About this task: Output the data verbatim, minus the images.

Dataset extract:
-- Opening Marker --

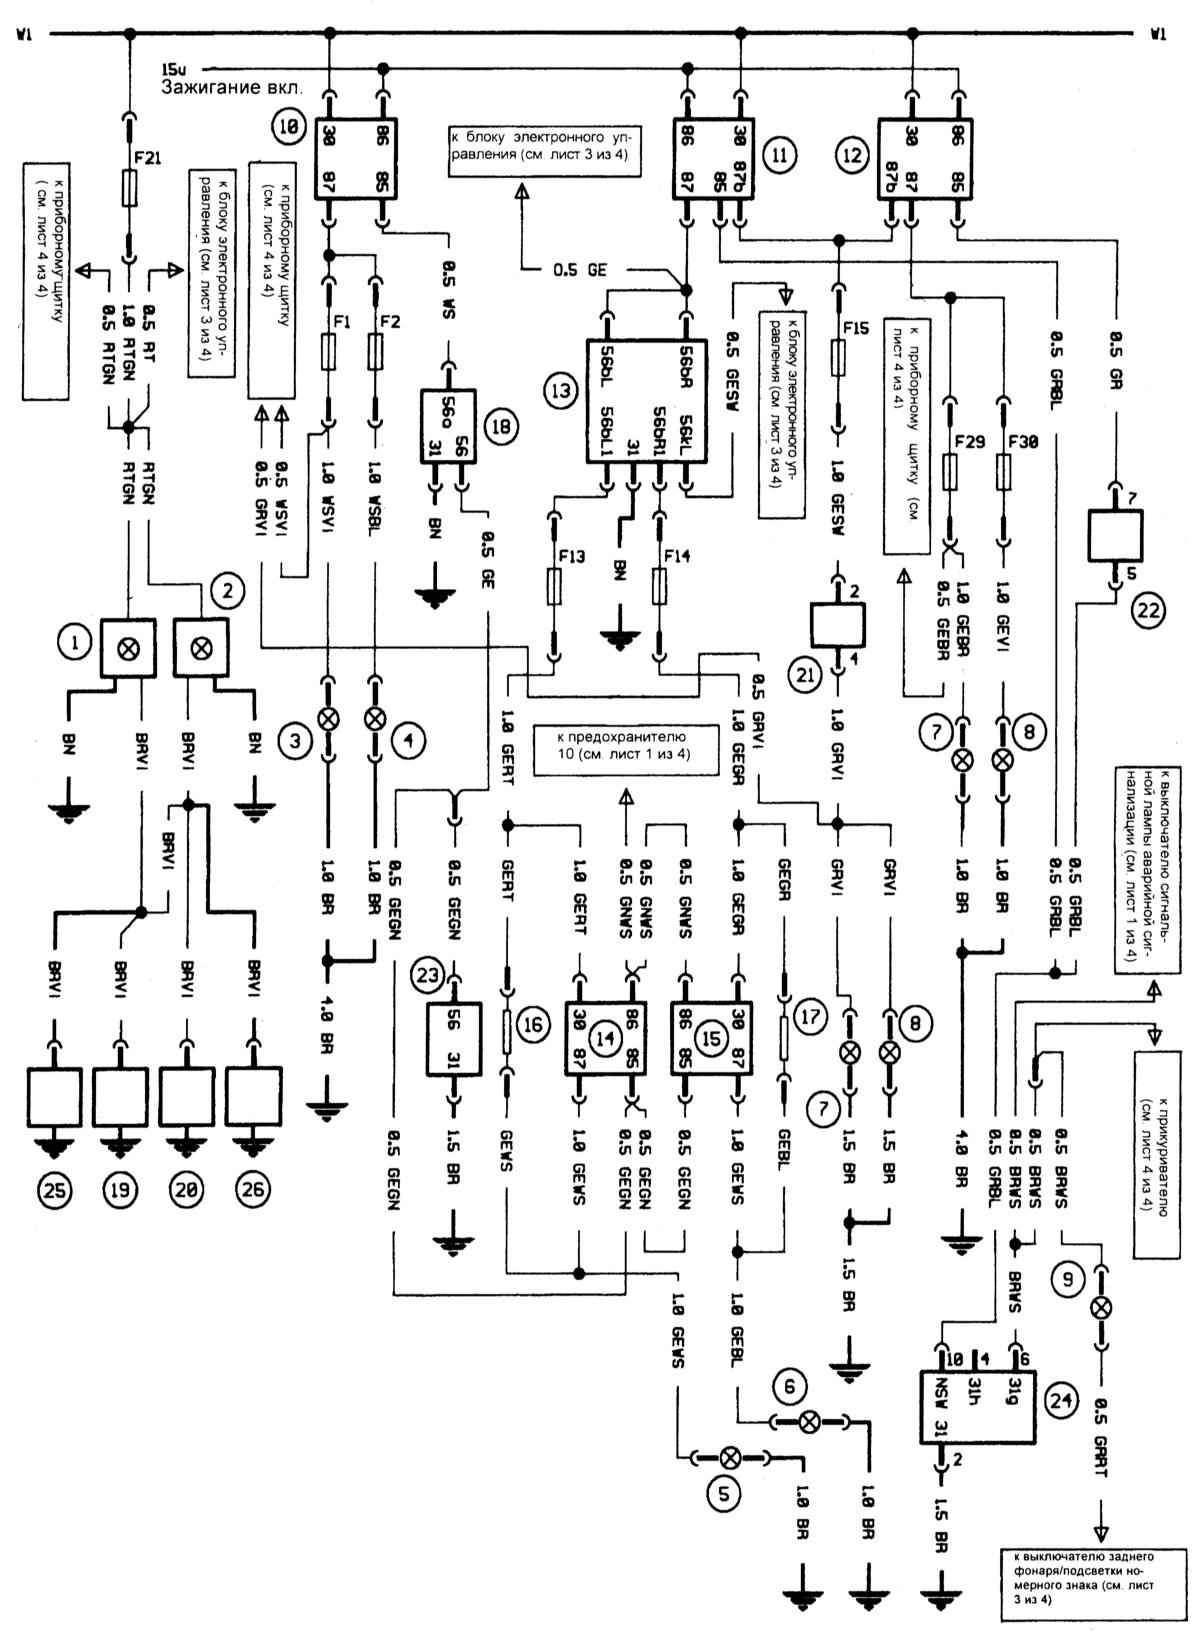 Bmw e34 схема сигнала
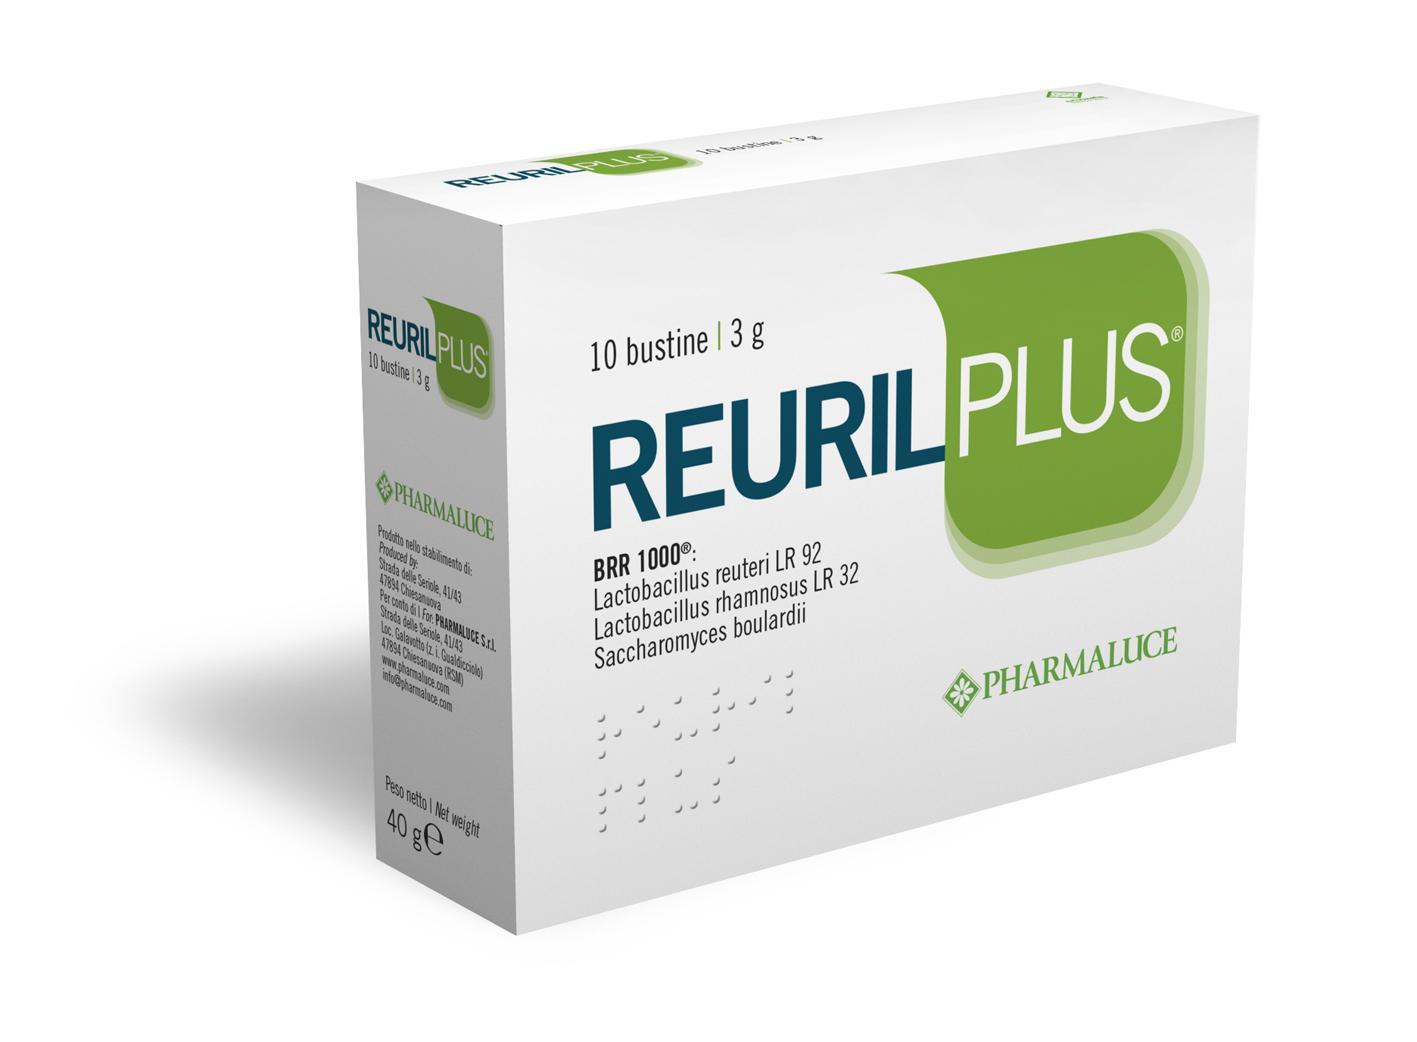 REURIL PLUS 10 bustine
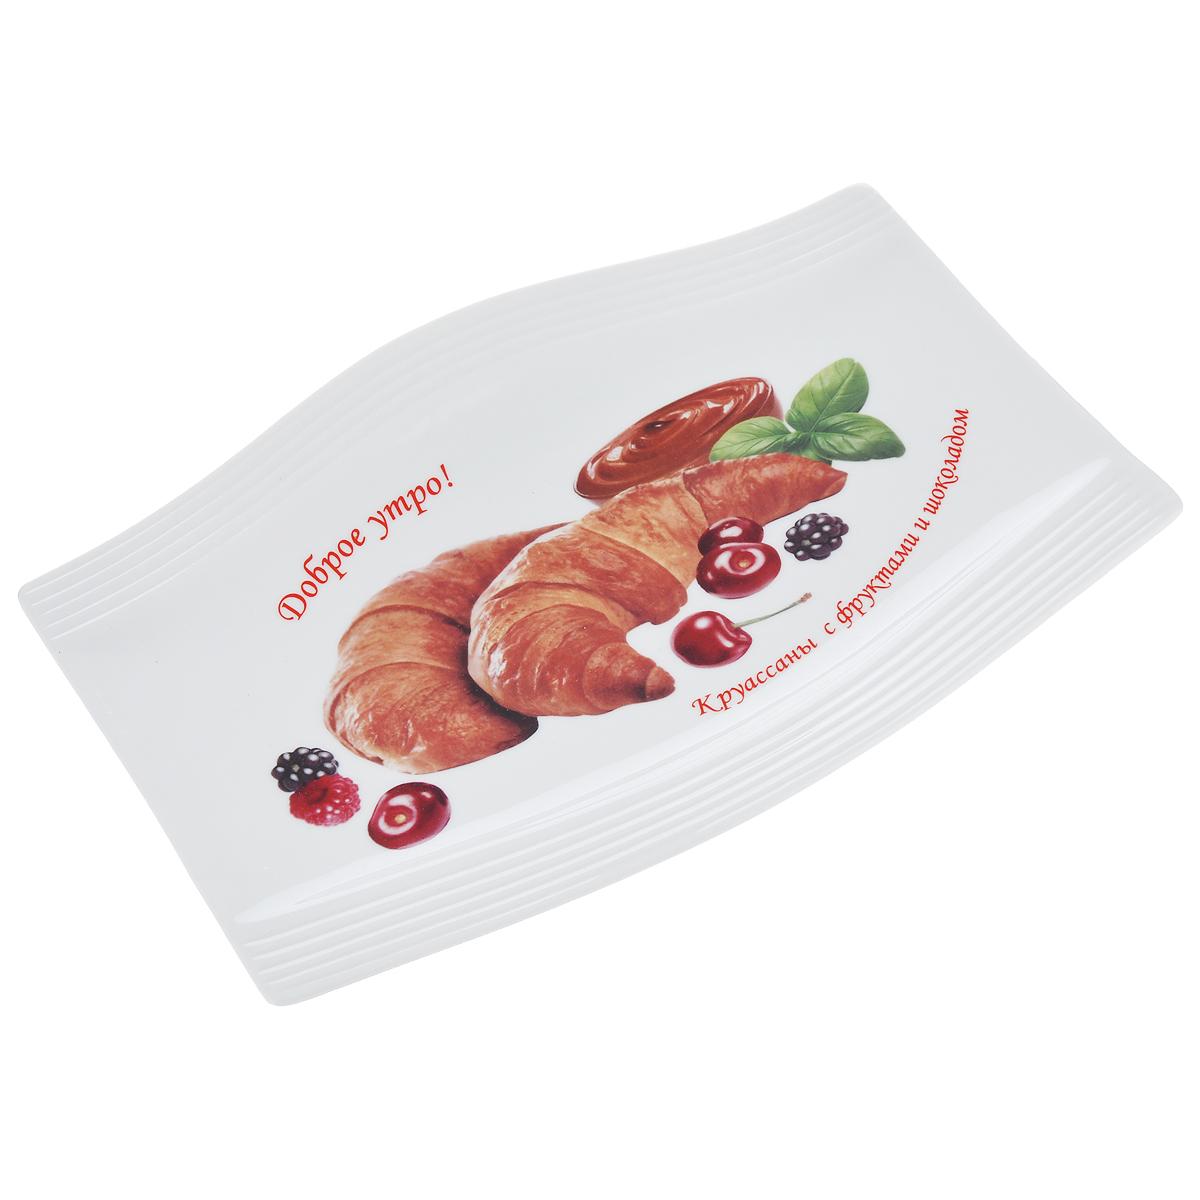 Блюдо LarangE Круассаны с фруктами и шоколадом, 25 х 17,5 см589-320Блюдо LarangE Круассаны с фруктами и шоколадом изготовлено из прочного высококачественного фарфора. Изделие украшено изображением сырников. Пусть ваше утро начинается с незабываемого завтрака! Можно использовать в СВЧ печах, духовом шкафу и холодильнике. Не применять абразивные чистящие вещества. Размер блюда: 25 см х 17,5 см. Высота блюда: 2 см.
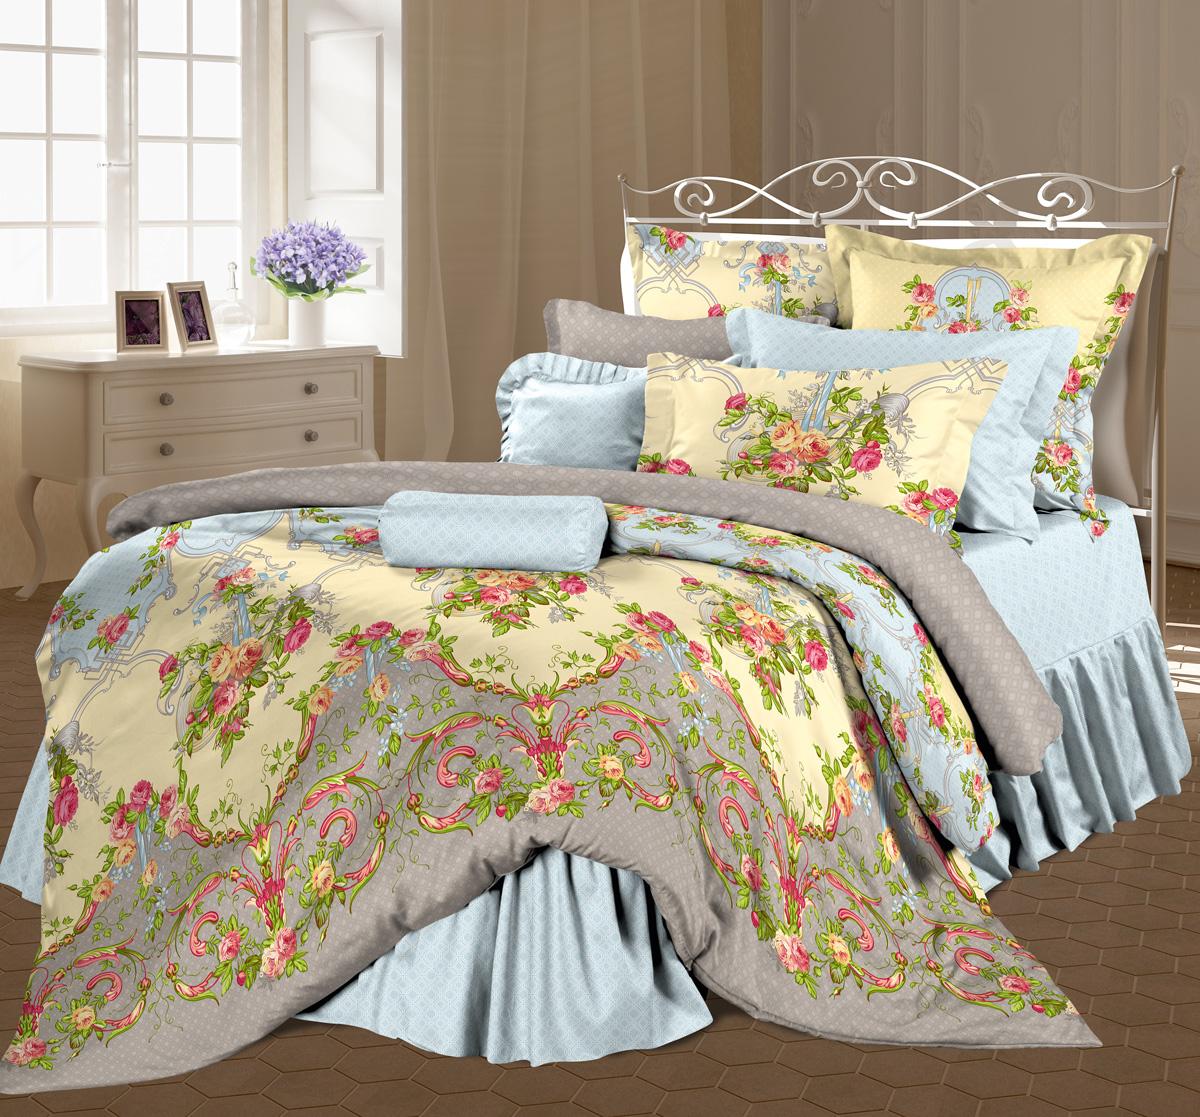 Комплект белья Романтика Антуанетта, евро, наволочки 50х70, цвет: голубой, зеленый, розовый. 319499319499Роскошный комплект постельного белья Романтика Антуанетта выполнен из ткани Lux Перкаль, произведенной из натурального 100% хлопка. Ткань приятная на ощупь, при этом она прочная, хорошо сохраняет форму и легко гладится. Комплект состоит из пододеяльника, простыни и двух наволочек, оформленных цветочным принтом и узорам. Благодаря такому комплекту постельного белья вы создадите неповторимую и романтическую атмосферу в вашей спальне.

-- Closing Marker --

Exercise answer:
 Bmw e34 схема сигнала
 REURIL PLUS 10 bustine
 Блюдо LarangE Круассаны с фруктами и шоколадом, 25 х 17,5 см589-320Блюдо LarangE Круассаны с фруктами и шоколадом изготовлено из прочного высококачественного фарфора. Изделие украшено изображением сырников. Пусть ваше утро начинается с незабываемого завтрака! Можно использовать в СВЧ печах, духовом шкафу и холодильнике. Не применять абразивные чистящие вещества. Размер блюда: 25 см х 17,5 см. Высота блюда: 2 см.
 Комплект белья Романтика Антуанетта, евро, наволочки 50х70, цвет: голубой, зеленый, розовый. 319499319499Роскошный комплект постельного белья Романтика Антуанетта выполнен из ткани Lux Перкаль, произведенной из натурального 100% хлопка. Ткань приятная на ощупь, при этом она прочная, хорошо сохраняет форму и легко гладится. Комплект состоит из пододеяльника, простыни и двух наволочек, оформленных цветочным принтом и узорам. Благодаря такому комплекту постельного белья вы создадите неповторимую и романтическую атмосферу в вашей спальне.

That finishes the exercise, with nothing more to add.